Business Travel Tips

Dealing With Jet Lag

Jet lag. If you are a frequent traveller you’ve probably had it at some point.

For those of us who travel internationally on a regular basis jet lag is a constant problem.

Essentially “jet lag” occurs when you travel across multiple timezones. So if you are based in London and you travel to Los Angeles the flight(s) might take 12 to 14 hours, but when you get to your destination you’re dealing with an 8 hour time difference. Midday in Los Angeles is 8pm in London.

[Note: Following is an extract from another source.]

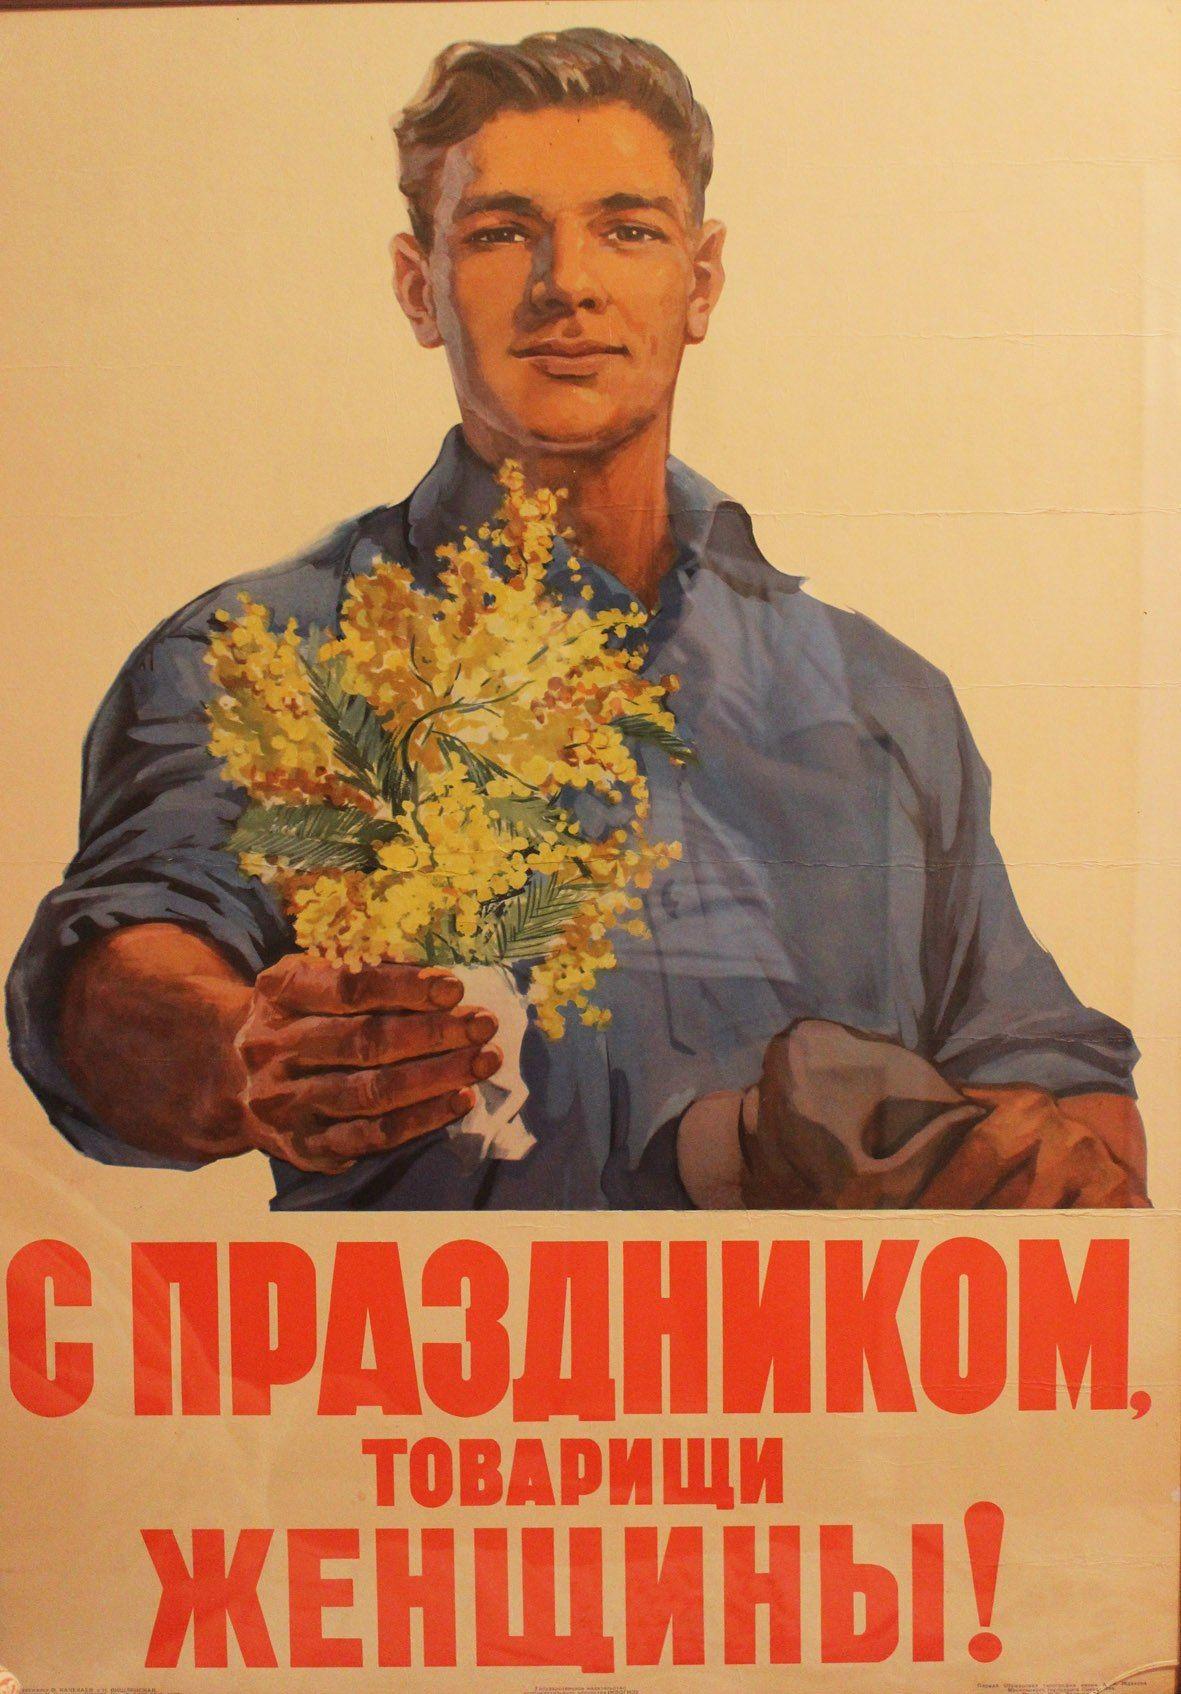 Дед мороз, слоган на открытке

So your body gets confused. You’ll often find yourself wanting to sleep at times that simply don’t make any sense..

So what can you do?

If the timezone difference is only one or two hours then you won’t have any real problems. Travelling from London to Paris, for example, is only 1 hour of time difference.

But when you start dealing with 4+ hours of time difference it will start to impact you.

There is a LOT written about dealing with jet lag.

I’ve no idea how accurate some of it is, but a few things seem to be true:

Personally I’ve found that “pushing through” at my destination can help ie. no matter how tired and confused you might feel try to stay up at the destination until an hour close to your normal bed time.

There are a lot of supplements and drugs available on the market that can help “fix” jet lag and other sleep issues, though I’d be wary of using any of them too often. You really don’t want to replace your jet lag with a drug addiction!

Having said that, melatonin and melatonin based products seem to work pretty well. Melatonin can be bought over the counter in most US supermarkets and a lot of convenience stores. In Europe you might need to go to a pharmacy to get some and whether it is available without prescription may vary.

NB: If you suffer from really bad jet lag problems then speak to a medical professional.